NDフィルター(Neutral Density Filter)とは、特定の波長だけでなく可視光全体を均一に減光するフィルターです。「ND」は「中性濃度(Neutral Density)」を意味し、色合いを変えることなく単純に光の量だけを減らすことが特徴です。

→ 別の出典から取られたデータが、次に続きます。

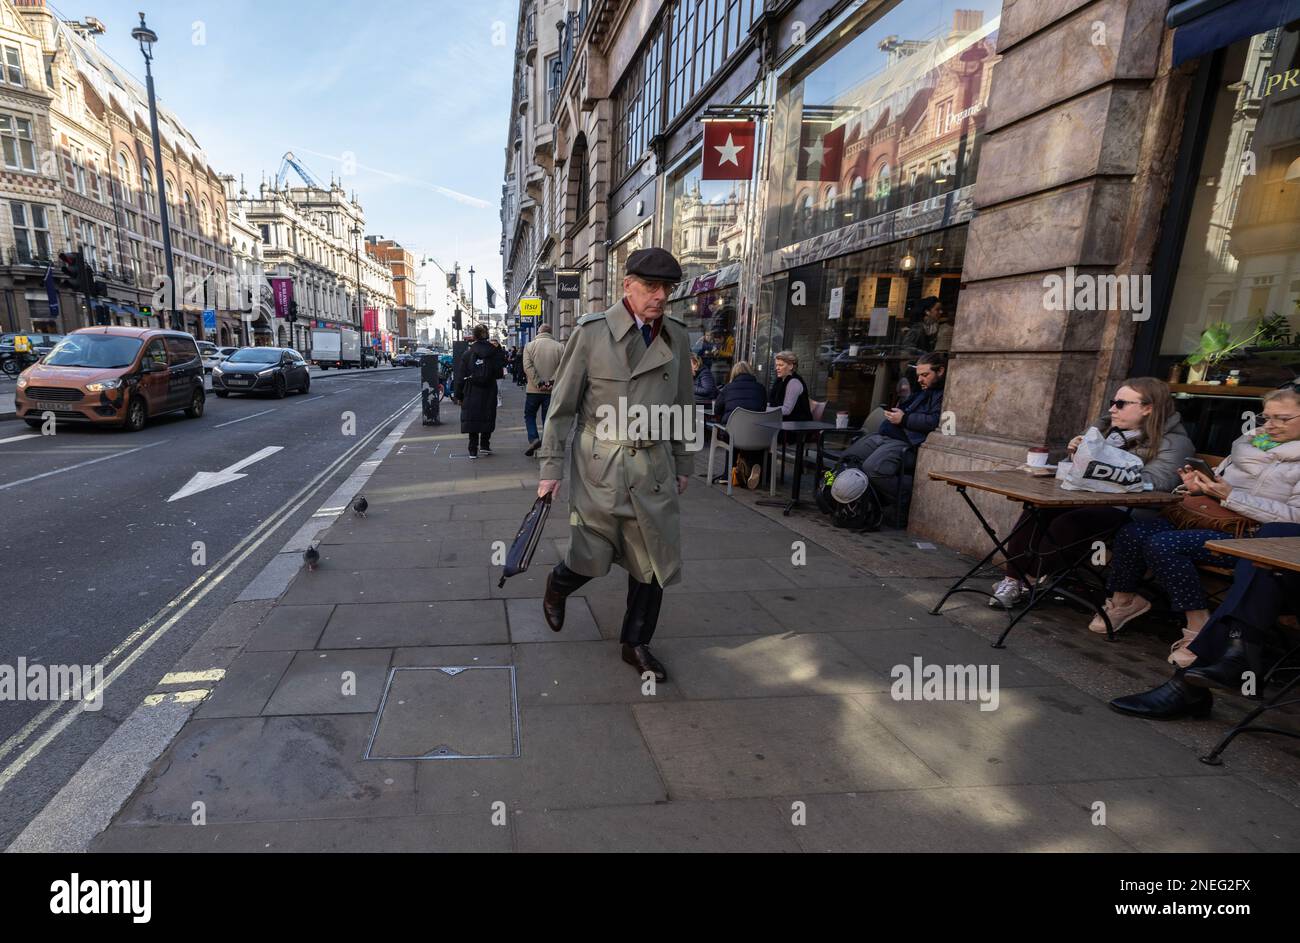 Ein Mann mit Regenmantel und flacher Mütze macht sich auf den Weg nach Piccadilly im Zentrum Londons, während die Leute draußen sitzen, England, Großbritannien Stockfoto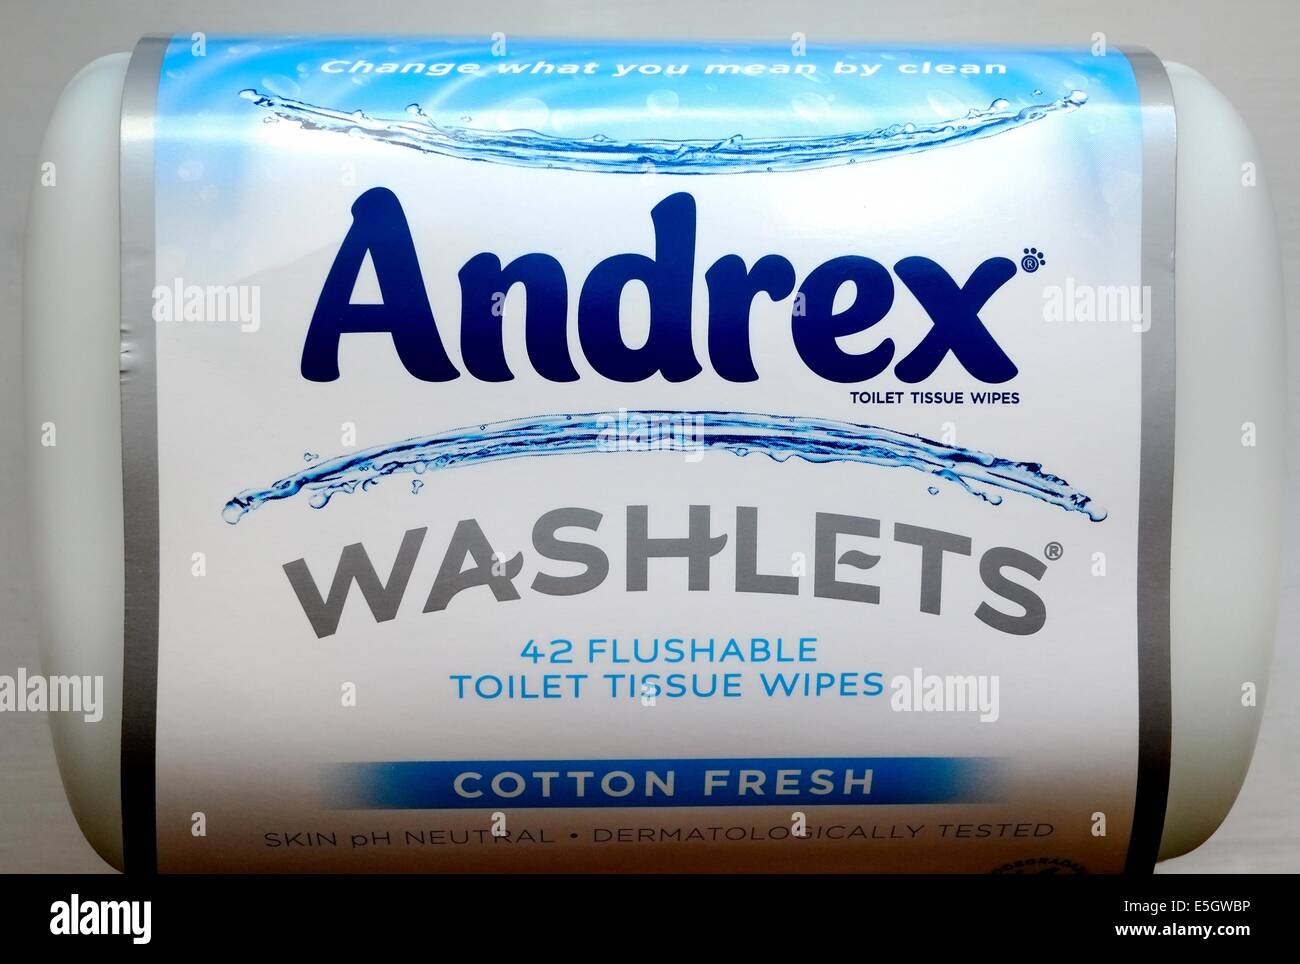 Andrex washlets flushable toilet tissue wipes Stock Photo

NDフィルターの濃度は「ND2」「ND4」「ND8」「ND64」「ND1000」などの数値で示され、この数値が光の透過率の逆数に相当します。たとえばND2は光量を1/2に、ND1000は光量を約1/1000(約10段分)に減らします。

NDフィルターが活躍する主な場面は以下の通りです。

  • スローシャッター撮影:滝・川・海など水の流れをシルキーに流す長時間露光、昼間の光跡撮影
  • 開放絞りの維持:明るい屋外でも絞りを開放(低F値)にして被写界深度を浅くし、ボケを得たいとき
  • 動画撮影:映像に適切なモーションブラーを与える「180度シャッタールール」を守るために光量調節が必要なとき

NDフィルターには固定濃度タイプのほか、2枚の偏光板を回転させることで濃度を無段階に調整できる「可変NDフィルター」もあります。可変NDフィルターは利便性が高い反面、色かぶりやムラが生じやすいという特性があります。レンズ径に合わせてフィルター径を選ぶことが購入時の重要なポイントです。

使い方・例文

昼間の明るい渓流で「絹のような水の流れ」を表現するために、ND1000フィルターを装着して数秒〜数十秒の長時間露光を行うのがNDフィルターの代表的な使い方です。